Plaintiff states that he is a Moorish American National being held hostage and kidnapped by the Illinois Department of Corrections in violation of the Universal Declaration of Human Rights and of the "Peace and Friendship Treaty of Morocco." Plaintiff goes on to describe in detail the tenets of his Moorish American religious faith, and describes the historical and religious beliefs of Moorish American Nationals. Under the section of the hand-written complaint entitled "Relief Requested," Plaintiff states:

1. To be immediate released/freed "forever and a day" from the shallow grave of U.S. Assumable Jurisdictions and European Subjugation of being kidnapped and held hostage unlawfully in I.D.O.C.'s slavery institutions of a Genocidal Catastrophe (Involuntary Servitude), to the free land of our descent ancestral sovereignty. Known as Moorish American, which shields us from all genocidal catastrophes and deportations.

2 To be compensated, reimbursed, and reparationed too, as a sovereign collective group of politically self-governing free national citizens of Moorish American nationals of Moorish America for 229 billion dollars, with an pecuniary, exemplary, and nominal damages paid in monthly installments annually. Thereby, to be paid soon after being released/freed to Moorish America because we the world's indigenous people, as Moorish American Nationals, are the descendants of our ancient Moabite ancestors, who involuntarily gave their sweat, blood, tears, and lives to over 400 years of "forced unpaid slave labor," in which we do not want to be forever poor, homeless, slaves, denationalized human property, unstable alien elements, undesireables, civiliter murtuus, vulnerables, endangered species, miseducated, victims, destitutes, etc., which is the present oppressive economic, social and political conditions of our communities today, throughout the U.S. and abroad. Therefore, we are linking ourselves to the family tree of nations of the earth land, that's truly living the life as free national citizens, of a free national constitutional government. And thereby, all bearing one free national name.

As the Court explained in its order encouraging Plaintiff to refile his complaint on the Court's forms, it is impossible to tell from these statements whether Plaintiff intends this to be a habeas corpus action, challenging his conviction, or an action brought pursuant to 42 U.S.C. § 1983, in which a prisoner can seek damages for constitutional wrongs taken against him. Plaintiff's two stated requests for relief are procedurally incompatible. Either Plaintiff seeks release, and this is a habeas action under which he cannot receive damages, or this is a civil rights action under which he cannot seek release. See Preiser v. Rodriguez, 411 U.S. 475, 500 (1973).

Furthermore, Plaintiff's complaint does not state any claim ripe for adjudication, because he does not allege any concrete dispute or conflict against the named defendants.

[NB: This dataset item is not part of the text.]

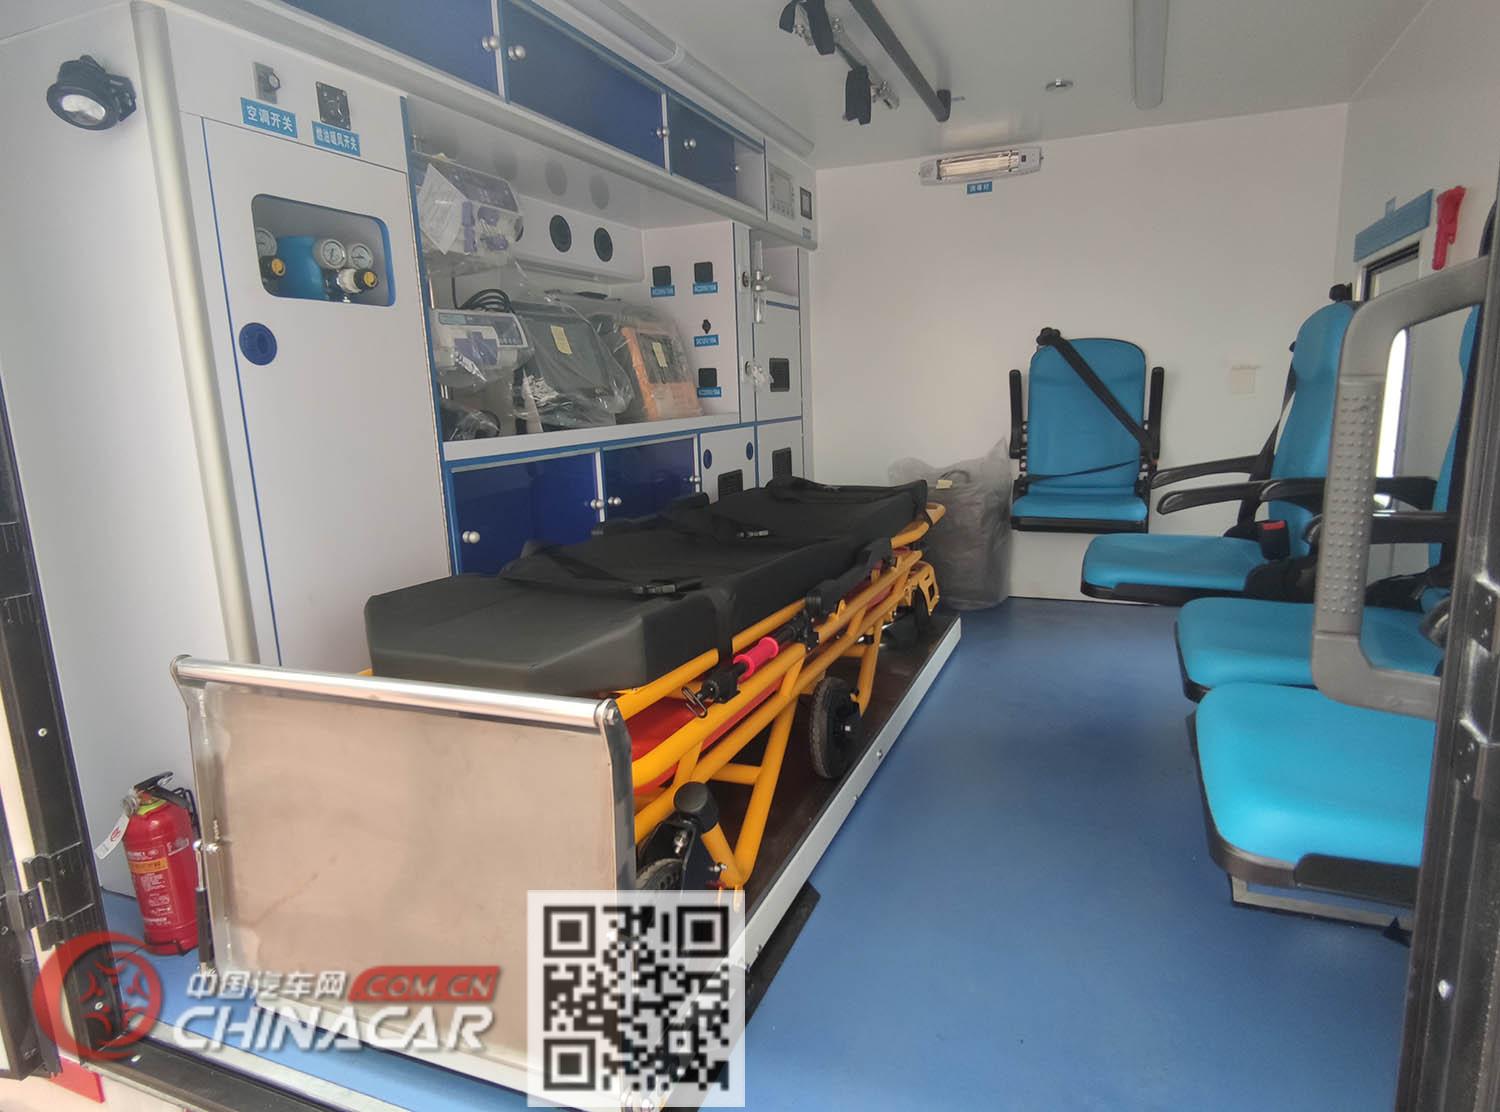 海能达牌HCV5060XJHD型救护车

Ripeness doctrine is based on the "central perception ... that courts should not render decisions absent a genuine need to resolve a real dispute." 13A Charles Alan Wright, Arthur R. Miller, & Edward H. Cooper, Federal Practice & Procedure § 3532.1, at 114 (2d ed. 1984). Like the related doctrine of mootness, ripeness is grounded in both Article III and prudential concerns. Daniels v. Area Plan Comm'n of Allen County, 306 F.3d 445, 452 n. 3 (7th Cir. 2002); Hinrichs v. Whitburn, 975 F.2d 1329, 1333 (7th Cir. 1992). "Cases are unripe when the parties point only to hypothetical, speculative, or illusory disputes as opposed to actual, concrete conflicts." Hinrichs, 975 F.2d at 1333.

Lehn v. Holmes, 364 F.3d 862, 867 (7th Cir. 2004).

Because the Court cannot determine from the pleadings what type of action Plaintiff intends, and because the allegations do not state a conflict ripe for adjudication, the complaint is DISMISSED without prejudice.